Foi implementado um sistema de Multiple Carets. Como é um assunto bastante longo e foge do foco da minha análise, deixo um link para o blog oficial onde está bem explicadinho.

A seleção de nomes de variáveis via duplo-clique agora atinge também o sinal $. Na primeira versão era selecionado apenas o nome da variável e não o símbolo.

A opção de colar do histórico foi melhorada, permitindo que blocos maiores de código sejam visualizados. O atalho é ⌃⌥⌘V. Você também pode utilizar o ⌃⌥⌘F e utilizar o histórico de pesquisa.

A janela de busca recebeu uma repaginada total.

Opções novas como palavras completas e ignorar espaços em branco reduzem as vezes que você precisa utilizar expressões regulares para encontrar certo padrão. Também é possível escolher onde procurar: documento atual, seleção, arquivos abertos, diretório do projeto, outro diretório, etc.

Sistema de Pacotes

O TextMate 2 brindou-nos com um incrível sistema de pacotes. Agora tudo no editor é um pacote: ferramentas de compilação, suporte das linguagens, temas, ferramentas de testes, suporte a ferramentas de versionamento e outras parafernalhas.
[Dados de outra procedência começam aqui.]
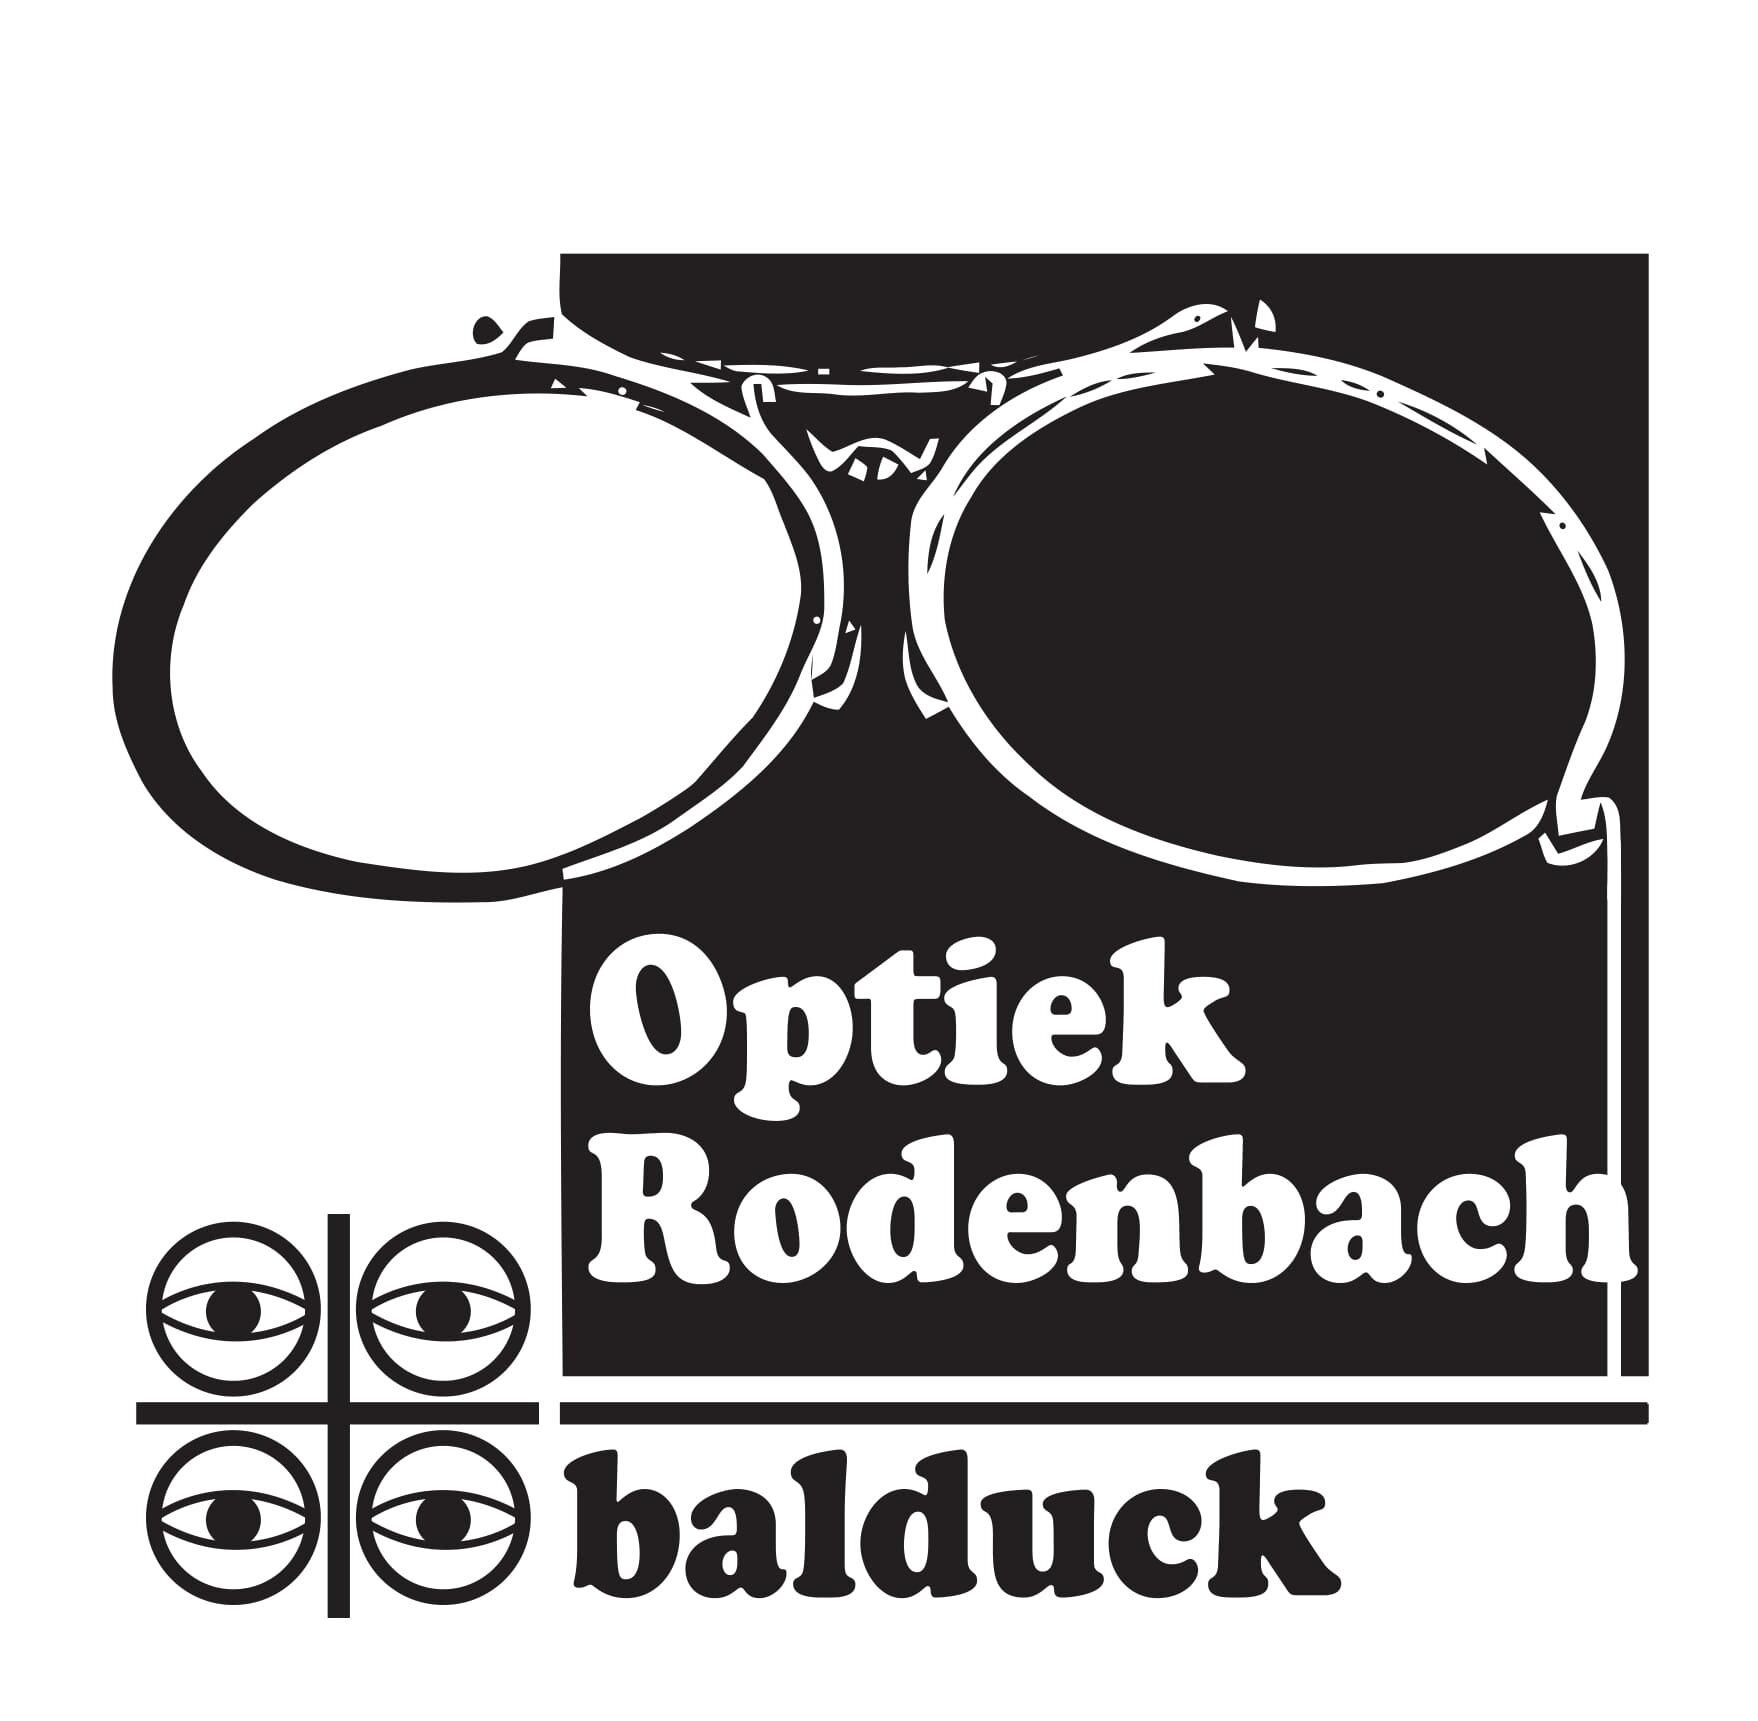 Optiek Rodenbach Balduck

Para saber mais sobre os Bundles (instalação, conversão de temas, etc) você pode ler esse post no blog oficial.

Configuração

Seguindo as novas tendências, a configuração mais aprofundada do editor é feita através de um arquivo de texto (chamado .tm_properties). O que ficou bacana é que você pode ter uma configuração global (na sua home) e configurações específica por projeto e até por diretório!

Para saber mais sobre como configurar o seu TextMate através deste arquivo, dê uma lida no blog oficial neste artigo.
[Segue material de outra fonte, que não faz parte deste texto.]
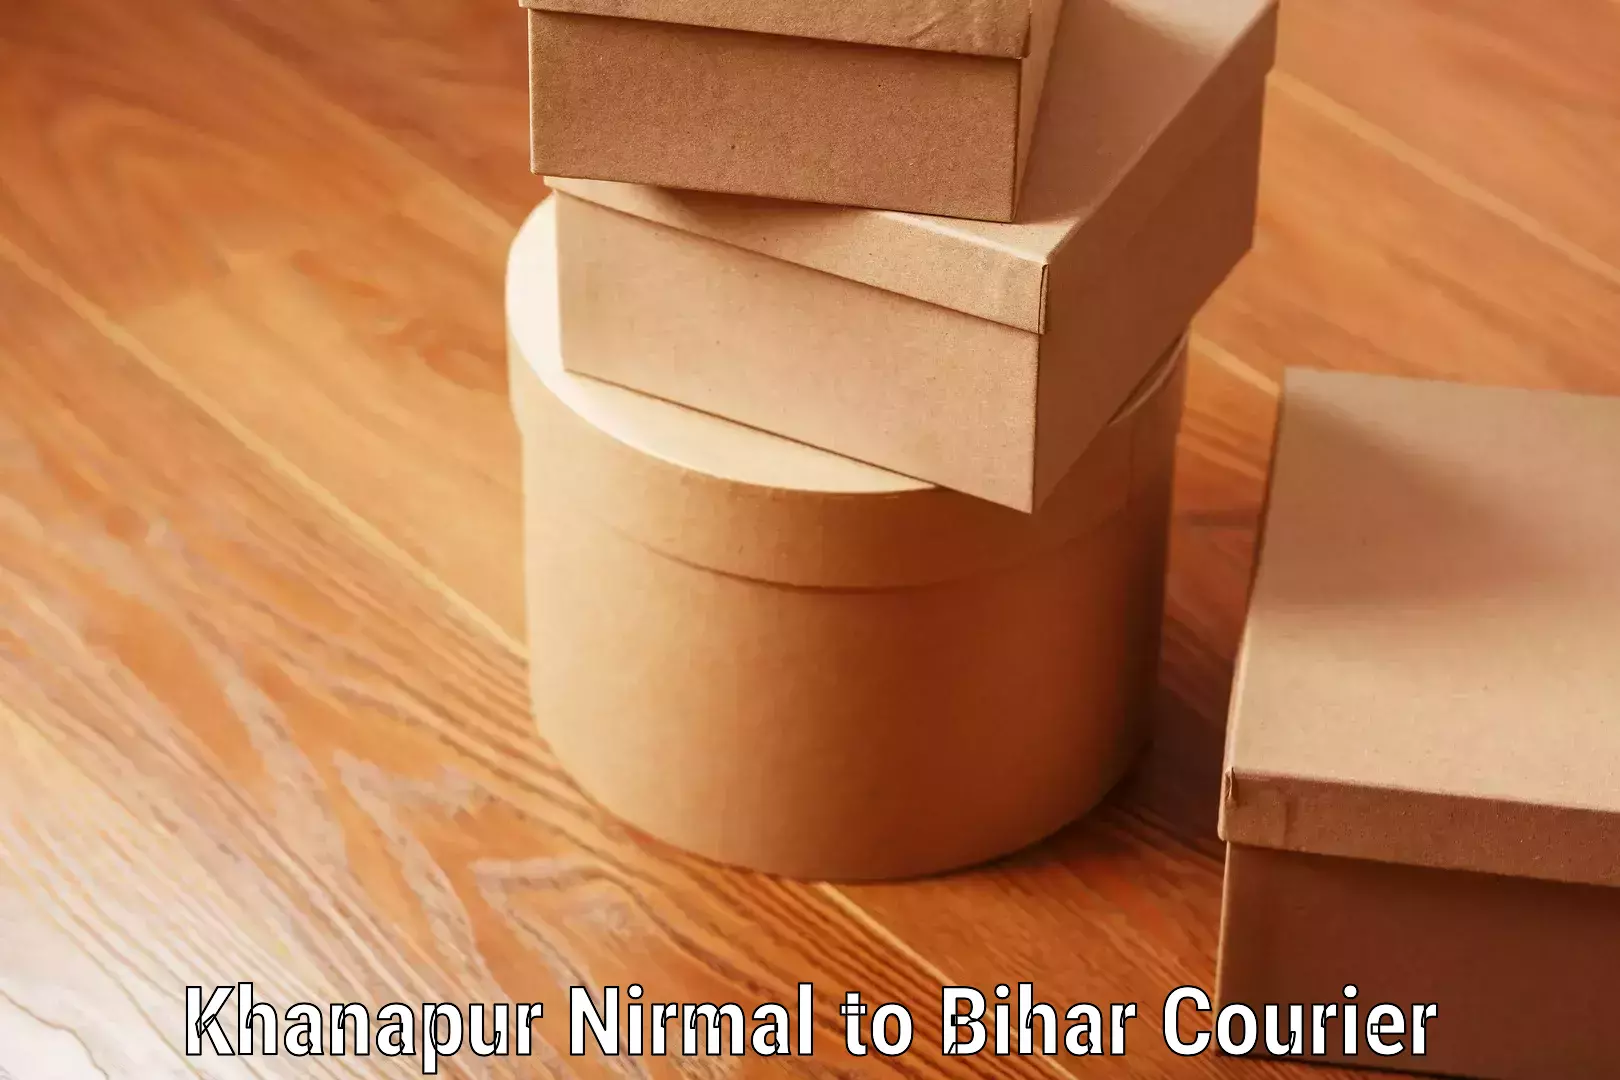 Luggage delivery estimate Khanapur Nirmal to Mahnar Bazar

Nesta página você pode encontrar mais explicações sobre os parâmetros, pode ler aqui. Também sugiro que dê uma olhada neste exemplo bem completo e comentado de um arquivo funcional.

Performance

O desempenho em relação à primeira versão do editor foi visivelmente melhorado. Algo que melhorou muito foi a maneira como o editor lida com arquivos que possuem linhas realmente MUITO longas, como scripts minificados. Enquanto a primeira versão apanhava na simples rolagem do código para os lados, nessa nova eu consegui ir até o final do código e inclusive editá-lo! Alguns pequenos errinhos na hora de clicar, como por exemplo o fato de clicar em uma letra e o cursor ir parar algumas letras depois, mas nada que não possa ser resolvido com as setas do teclado. Realmente ficou muito bom!

Por que usar?

Os diversos anos entre o lançamento de uma versão 1.x e a publicação dos fontes na internet fizeram com que o TextMate saísse um pouco dos holofotes, dando espaço a outros editores também muito bons. Sempre vou recomendar esse programa por dois motivos: é de excelente qualidade e é de graça. Isso sem mencionar o fato de que é leve (ou seja, não é em Java) e não precisa criar um monte de lixo para gerenciar um projeto. :)

Obtendo o TextMate 2

Gostou do TextMate 2? Maravilha!

Agora você deve estar se perguntando: “onde vou conseguir o TextMate 2?”. Eu tenho a resposta: no GitHub!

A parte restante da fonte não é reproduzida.